United States District Court, E.D. New York

February 28, 2018

CLOCKTOWER PLAZA PROPERTIES, LTD., [1] a New York Corporation, Defendant.

          BRAFF, HARRIS, SUKONECK, & MALOOF Attorney for Plaintiff By: Keith Harris, Esq.

          FULLER, FULLER & ASSOCIATES, P.A. Attorney for Plaintiff By: Lawrence A. Fuller, Esq.

          ALLISON M. KOURBAGE, P.C. Attorney for Defendant By: Allison M. Kourbage, Esq.
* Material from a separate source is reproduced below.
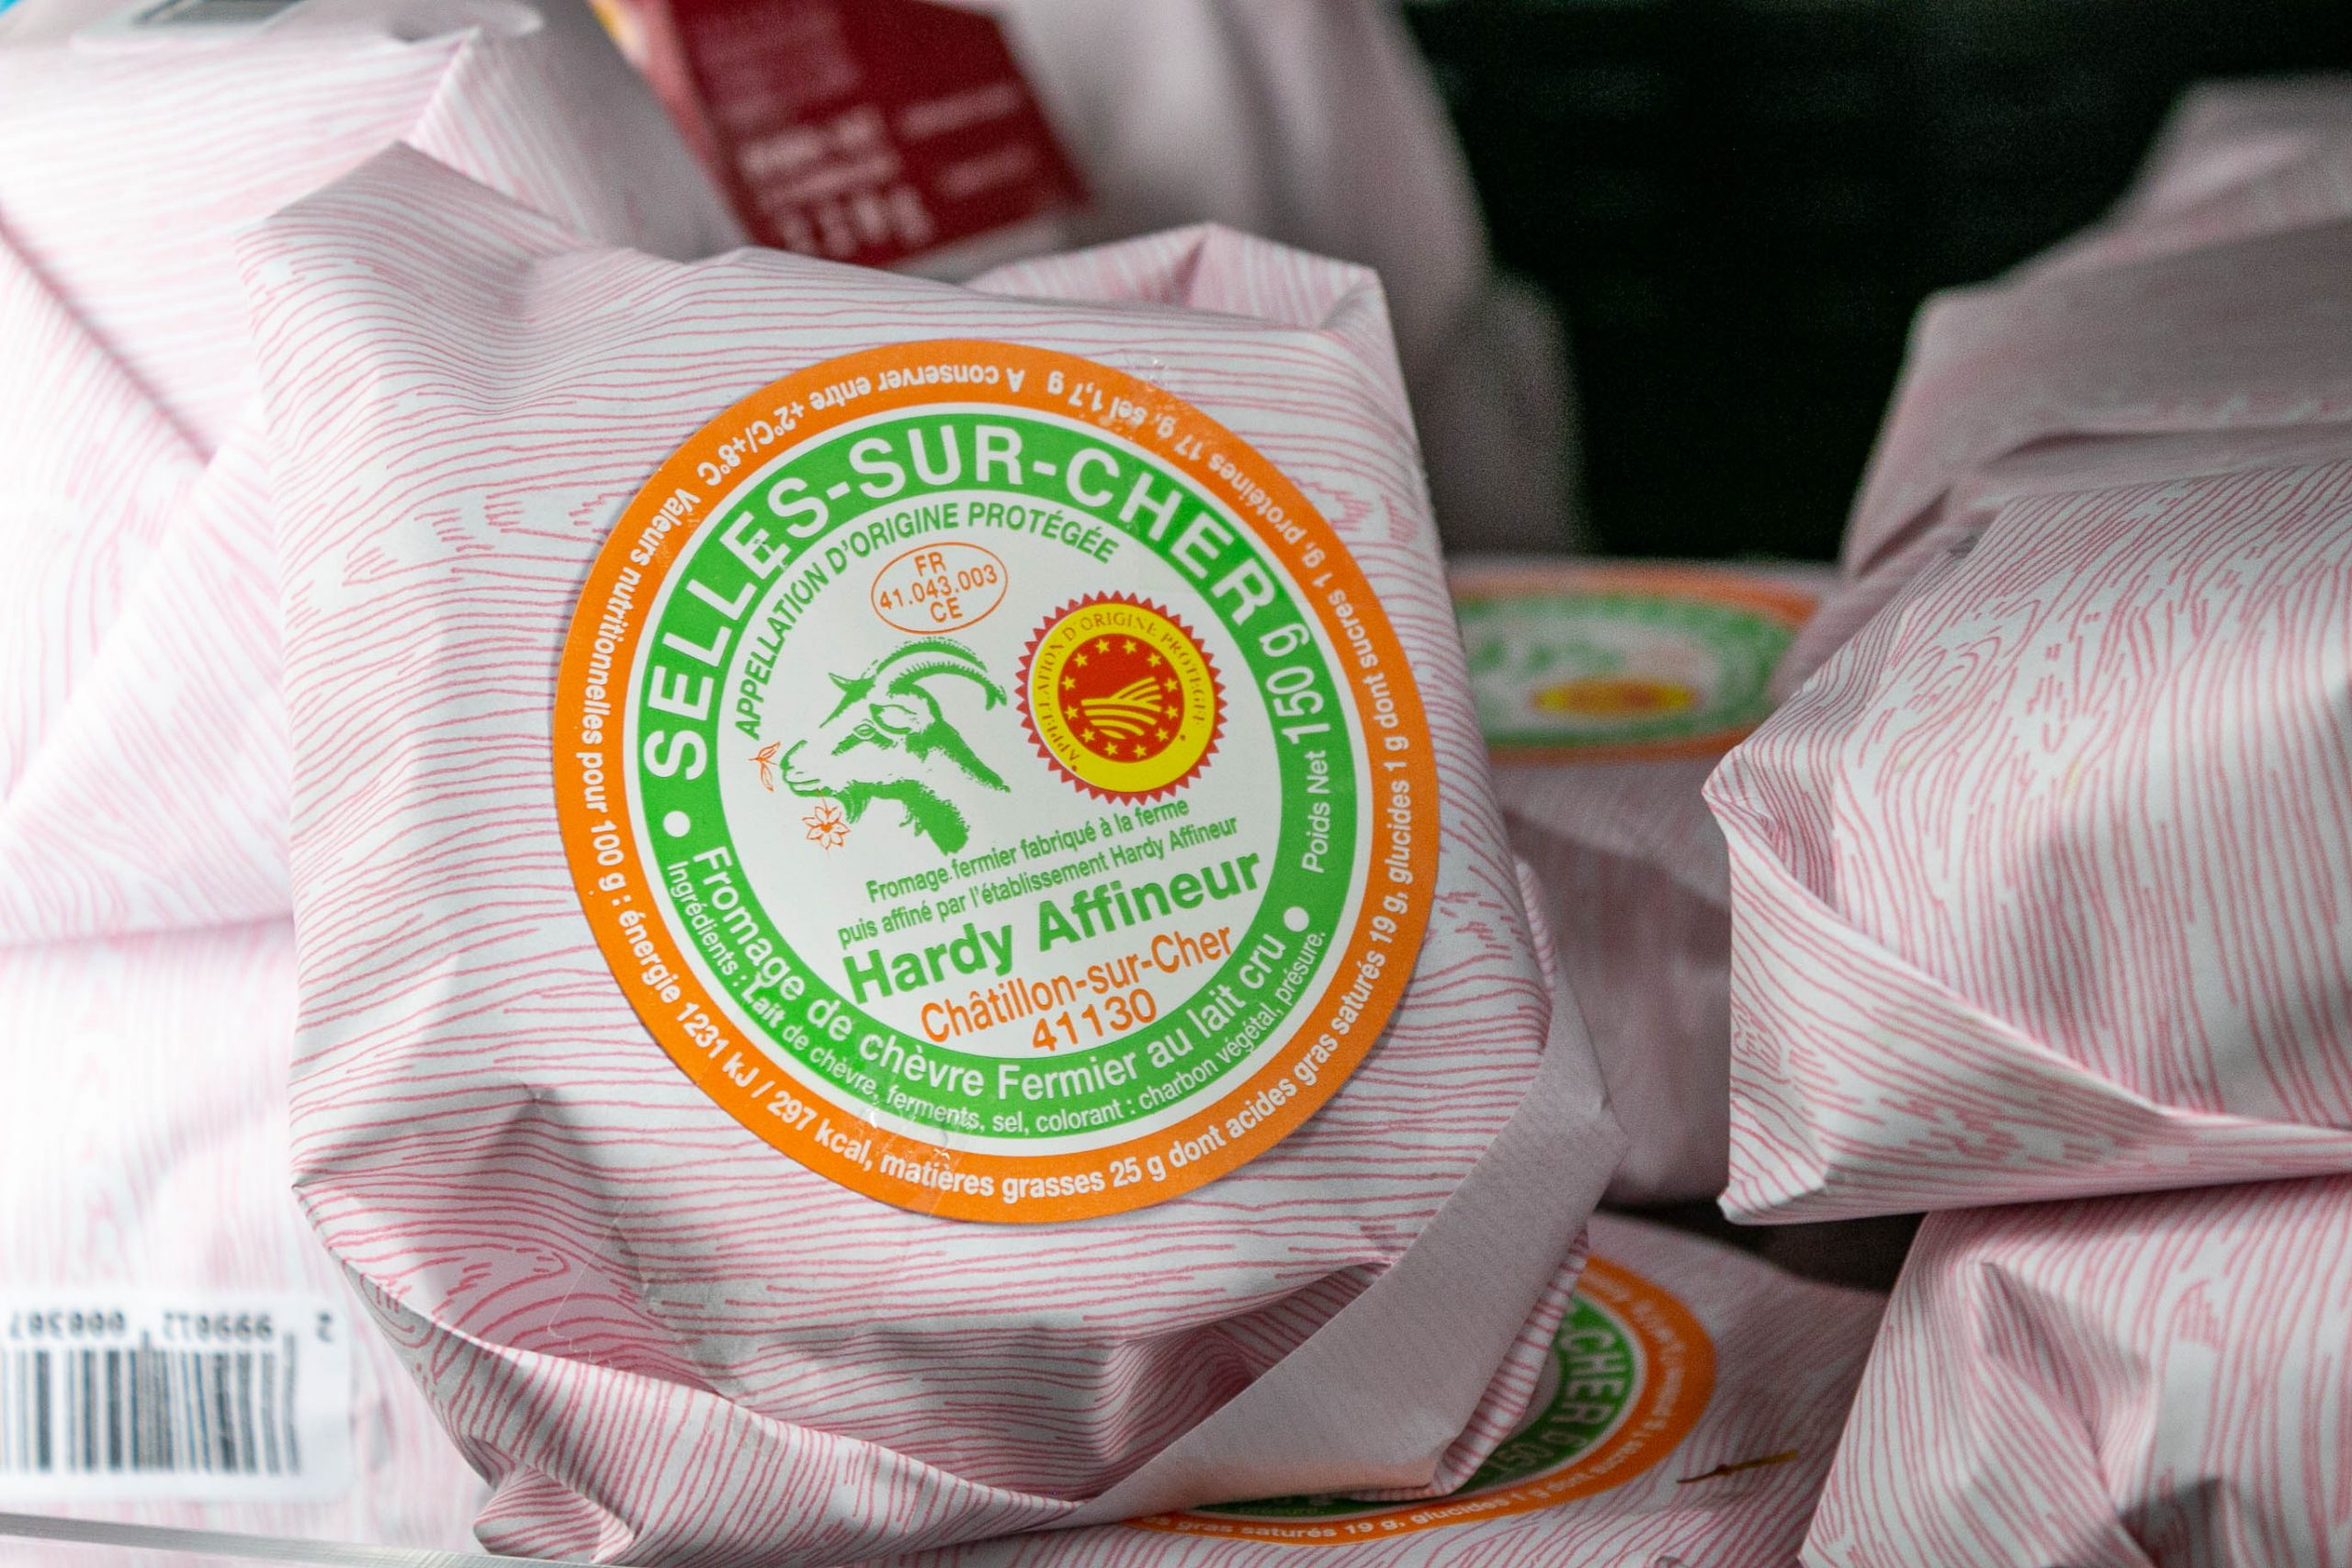 fromage fermier

         Plaintiff Lawrence Feltzin (“Plaintiff”) brought the instant action against Defendant Clocktower Plaza Properties, Ltd. (“Defendant”) for alleged violations of the Americans with Disabilities Act (“ADA”), 42 U.S.C. § 12181 et seq. Plaintiff qualifies as an individual with disabilities as defined by the ADA, and uses a wheelchair. (Second Amended Complaint [DE 33] ¶ 5 (Apr. 12, 2017) (hereinafter “SAC”)); 42 U.S.C. § 12102. Plaintiff alleges in the SAC that Defendant violated the ADA by denying him access to, and full and equal enjoyment of, certain goods and facilities including the parking area, restroom, and certain restaurant premises, thereby discriminating against him and forcing him to suffer humiliation and embarrassment. (SAC ¶ 6.)
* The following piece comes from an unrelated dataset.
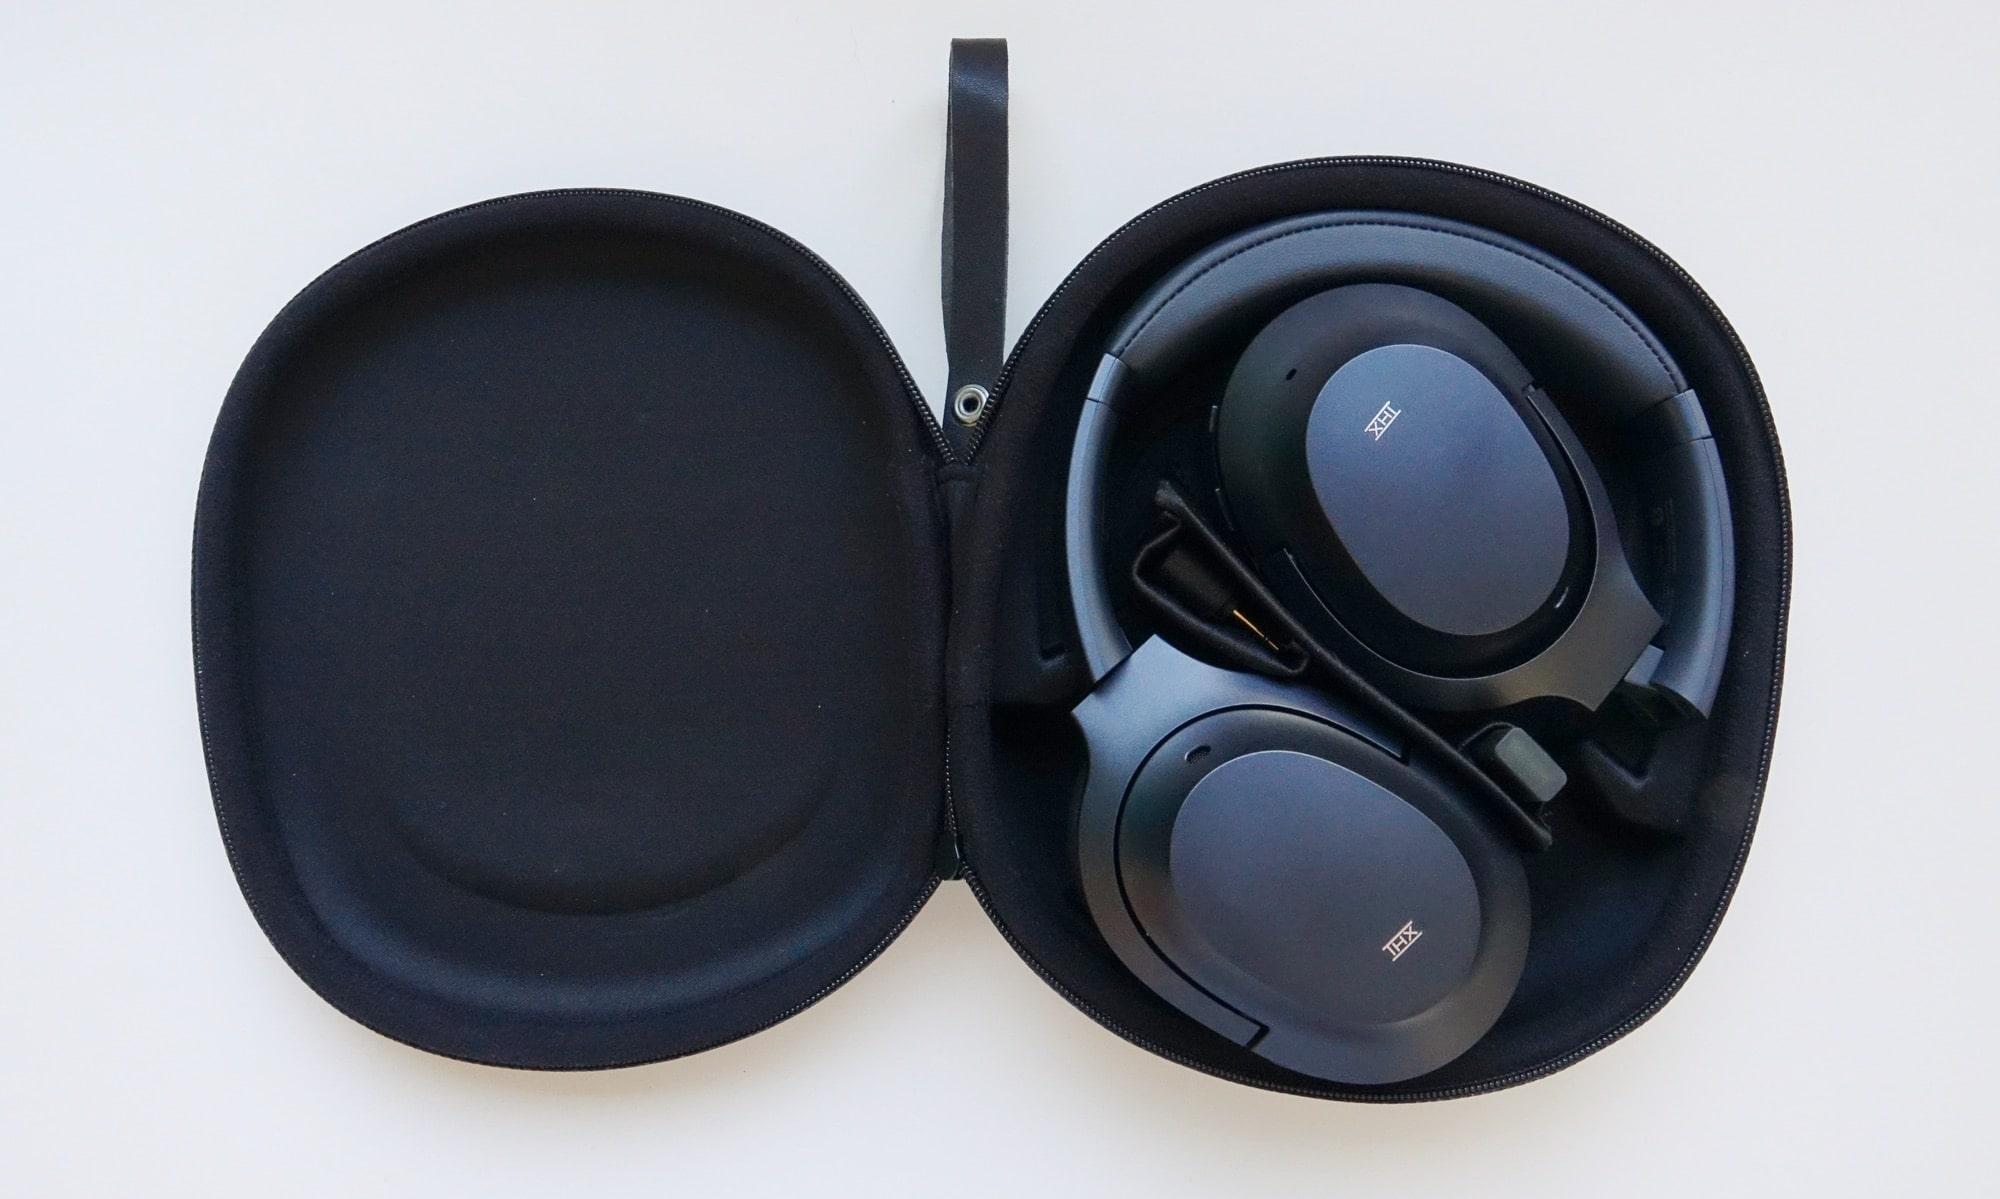 The case for the Razer Opus THX headphones

         Presently before the Court is Defendant's motion to dismiss pursuant to Fed.R.Civ.P. (“Rule”) 12(b)(1) for lack of subject matter jurisdiction, Rule 12(b)(6) for failure to state a claim upon which relief can be granted, and Rule 12(b)(7) for failure to join necessary parties under Rule 19. (Mem. in Supp. [DE 35-1] at 4-17 (hereinafter “Mem. in Supp.”).) For the reasons set forth below, the motion to dismiss is granted as to Rule 12(b)(1) and 12(b)(6), and denied as to Rule 12(b)(7).
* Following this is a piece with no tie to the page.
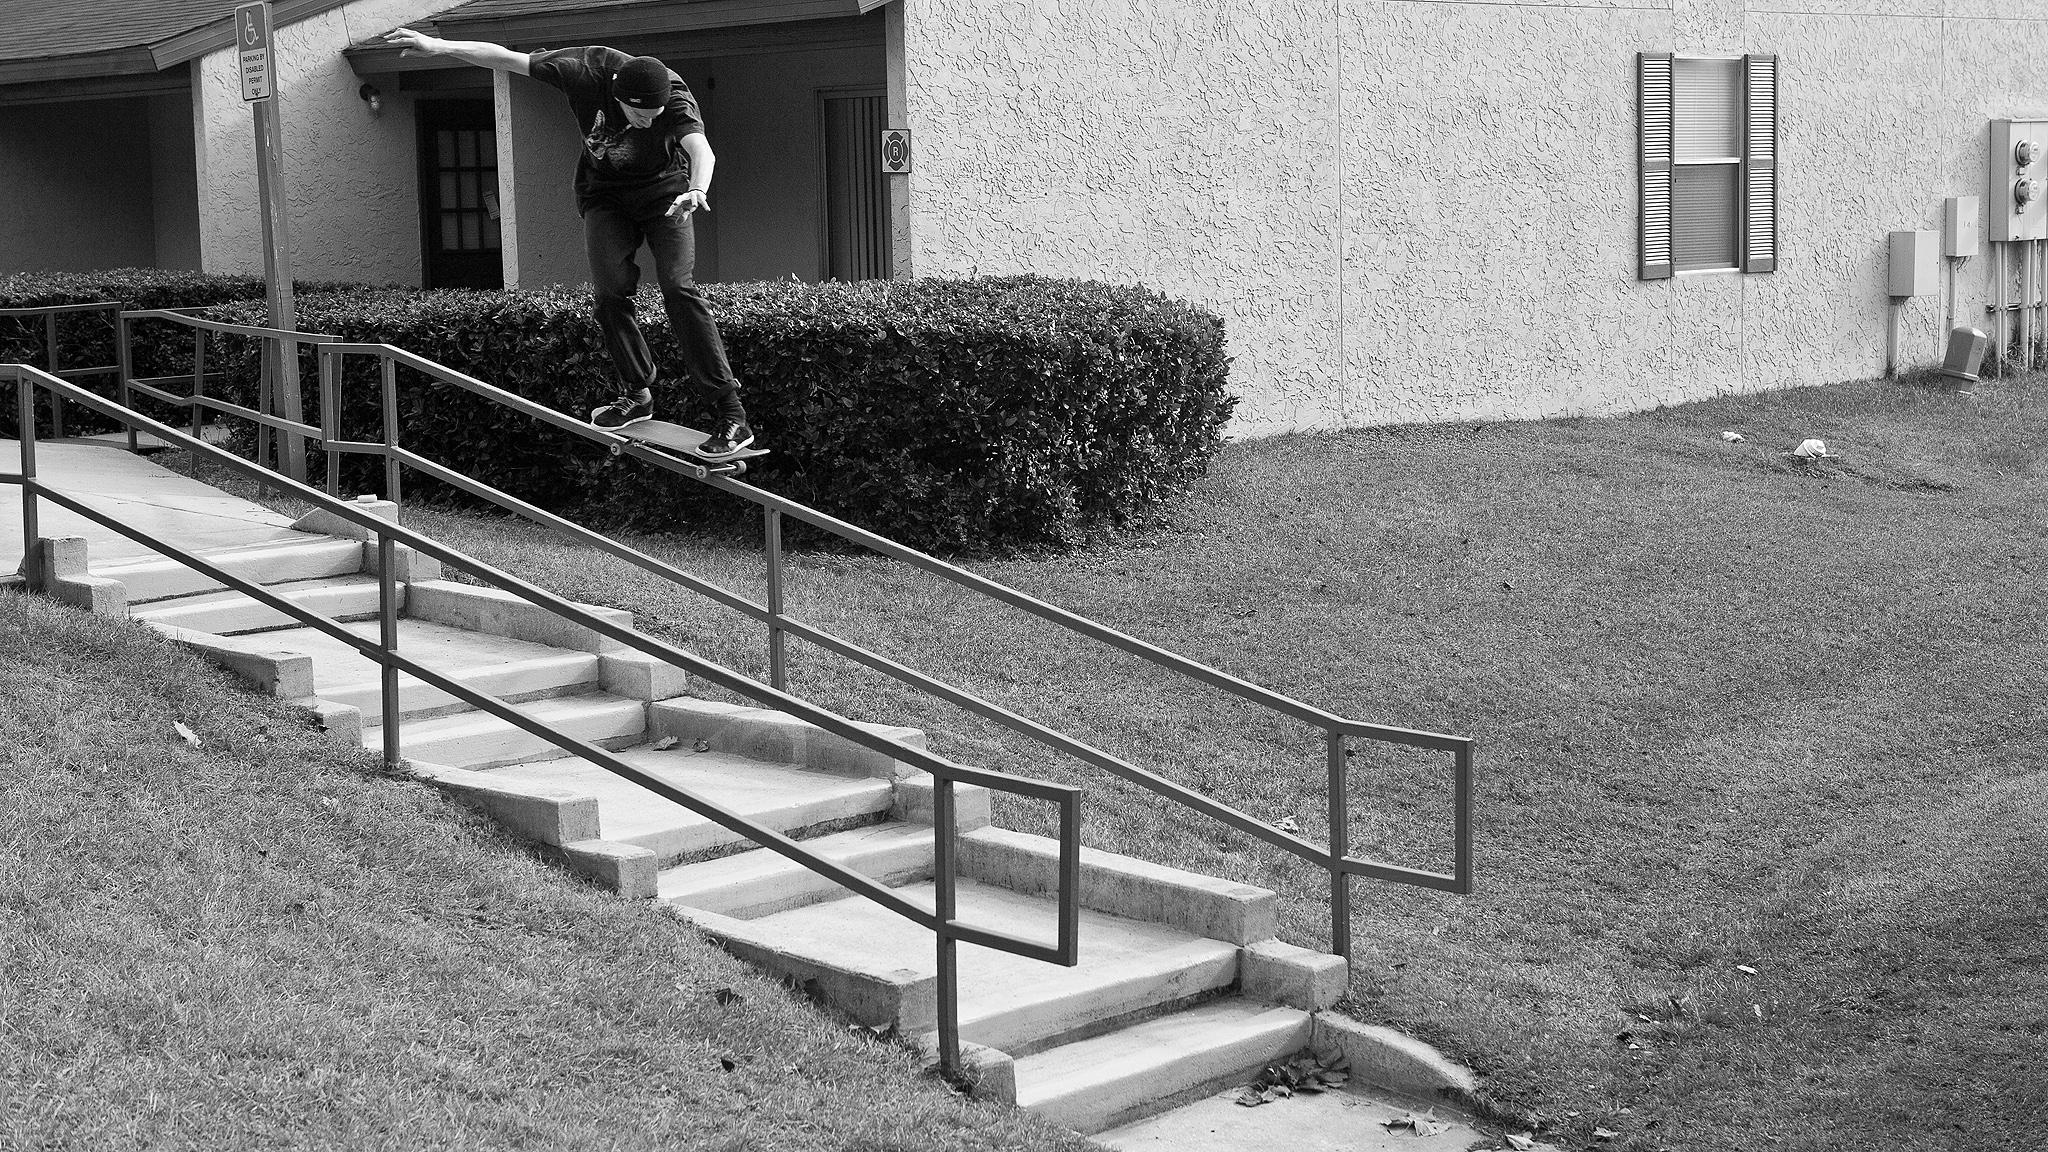 Kevin Shealey

         The following facts come from the Parties' submissions and the Complaint.

         Plaintiff alleges that at the time of commencement of this action he resided in Boynton Beach, Florida, but previously lived in Nassau County, New York and travels back to Nassau frequently to visit his friends. (SAC ¶ 6.) Plaintiff states that he visited the Defendant's property the Clocktower Plaza, a shopping center at 1 Schwab Road, Melville, NY 11747 (the “Property”), on May 11, 2016 to get a slice of pizza. (Feltzin Aff. [DE 36-1] ¶ 2 (June 2, 2017). Plaintiff alleges that he encountered architectural barriers that impaired his “ability to park safely at the premises, to access the premises safely, to use restrooms safely, and to access goods and services at the premises.” (SAC ¶ 6.) Plaintiff states that he intends to return to the Property once the barriers to access are corrected. (Id. ¶ 7.)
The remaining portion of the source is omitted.